Hrant Nazaryan, 61, was appointed as Constitutional Court member in February 1996 by then-President Levon Ter-Petrosyan. He is one of the two judges that can hold office until the age of 70. Since 1991, Nazaryan worked as the chief consultant in the Legal Department of the Supreme Council (Armenia’s Parliament, before it was renamed to the National Assembly in 1995) and later as the Chief Specialist of the Legal Department in the President’s Office. He is the only member of the CC that took part in training programs at American universities, first at the International Law Institute in Washington, DC, and later at the Academy of American and International Law in Texas. Nazaryan will turn 70 in 2029.

Feliks Tokhyan, 64, is the second member of the Constitutional Court that can hold office until he is 70. He was appointed as a member of the CC in September 1997, again by the decree of Armenia’s first President Levon Ter-Petrosyan. Before his appointment to the Constitutional Court, in the early 1990s, Tokhyan primarily worked in academia, first as a fellow and researcher at the Institute of Philosophy and Law at the National Academy of Arts and Sciences, then as the Head of the Faculty of Law at Galick University, and finally as a law professor at the Public Administration Academy. Tokhyan will turn 70 in 2026.

Ashot Khachatryan, 58, was elected as a Constitutional Court member by the National Assembly in December 2010. Since he was appointed after the 2005 Constitutional referendum, Khachatryan can hold office until he turns 65. Before his appointment to the Constitutional Court, Khachatryan worked in Armenia’s Tax Service and from 2004 to 2010 headed the National Assembly’s Legal Department. He will turn 65 in 2027.
Arevik Petrosyan, 48, was also appointed in December 2010, by the decree of then-President Serzh Sargsyan. Similar to Khachatryan, she can hold office until she is 65. Since 1994, Petrosyan held a number of civil service positions at the President’s Office, served as the Deputy Minister of Justice from 1999 to 2002 and was awarded with the medal of the RA Council of Civil Service. Before her appointment, Petrosyan was elected a Member of Parliament in the 2007 election as a member of the Prosperous Armenia Party (PAP). During her three years in Parliament, Petrosyan served as the Chair of the Standing Committee on the Protection of Human Rights and Public Affairs, Deputy Speaker of Parliament, and a member of the Standing Committee on Healthcare, Maternity and Childhood. She will turn 65 in 2037.

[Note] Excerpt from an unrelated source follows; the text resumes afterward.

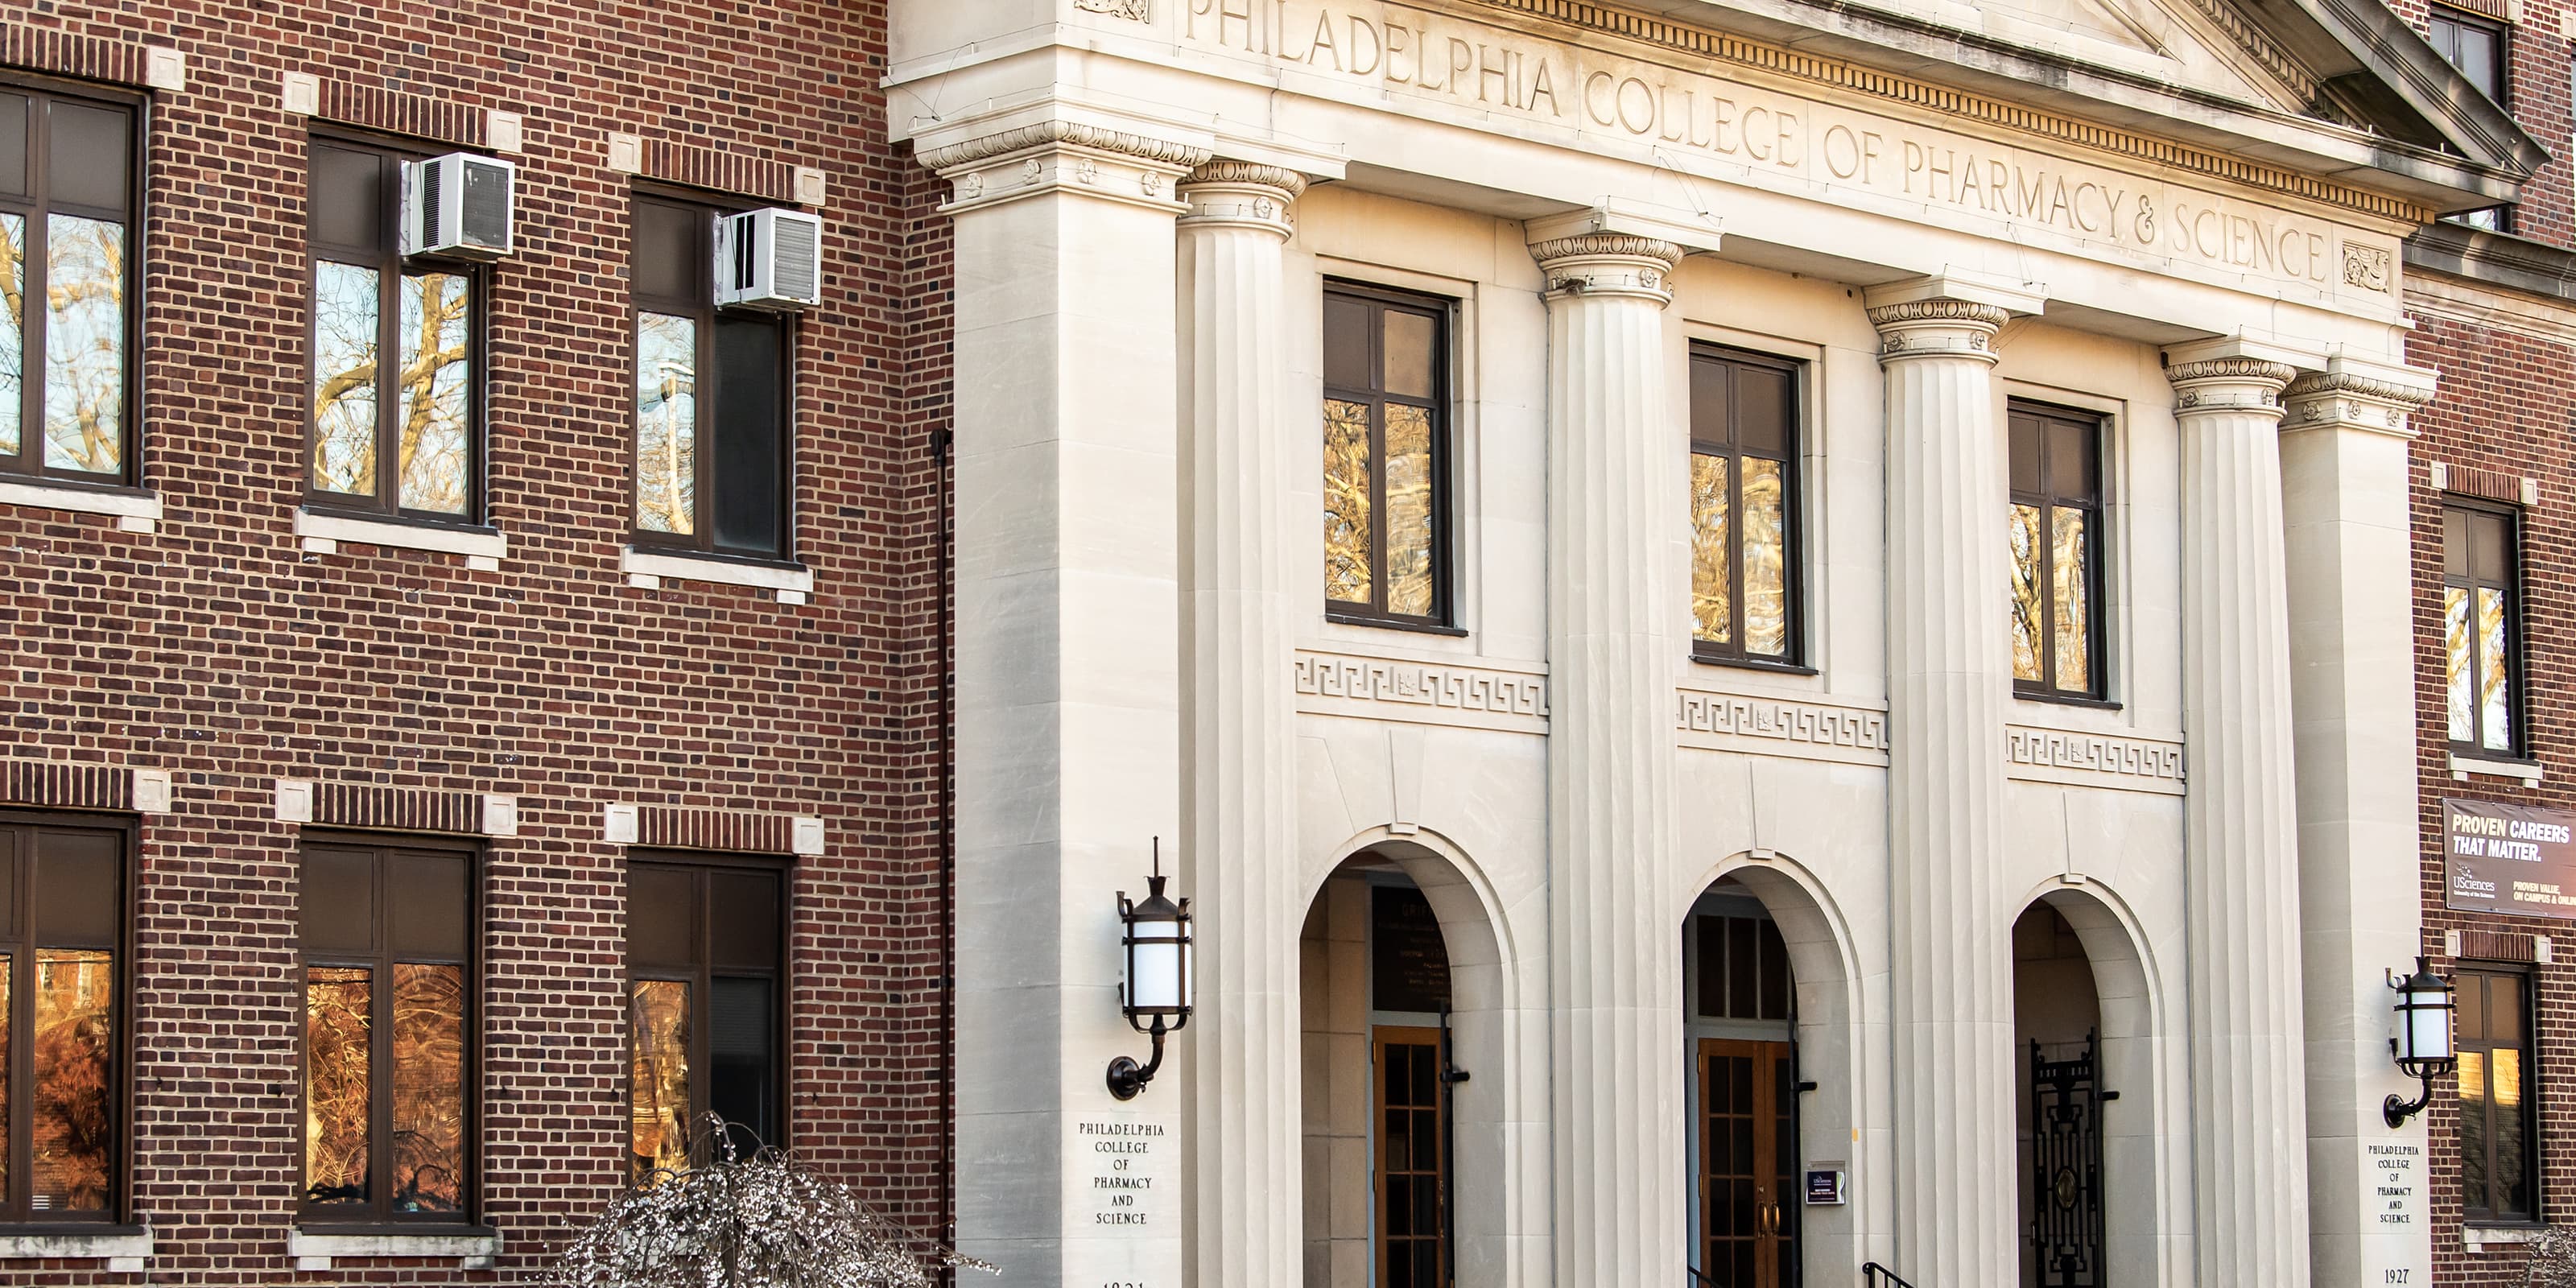 Philadelphia College of Pharmacy at Saint Joseph's University

Araik Tunyan, 54, was elected as a member of the Constitutional Court in June 2014 by the National Assembly. Tunyan’s prior work experience was mainly in the public sector, first at the Ministry of Justice as a Senior Specialist at the Department of Legislative Issues and later at the President’s Office as the Head of the Legal Department. He is a recipient of the Mkhitar Gosh medal, which is awarded for outstanding state and social-political activities, as well as for significant services in the spheres of diplomacy, law and political science. Tunyan will turn 65 in 2031.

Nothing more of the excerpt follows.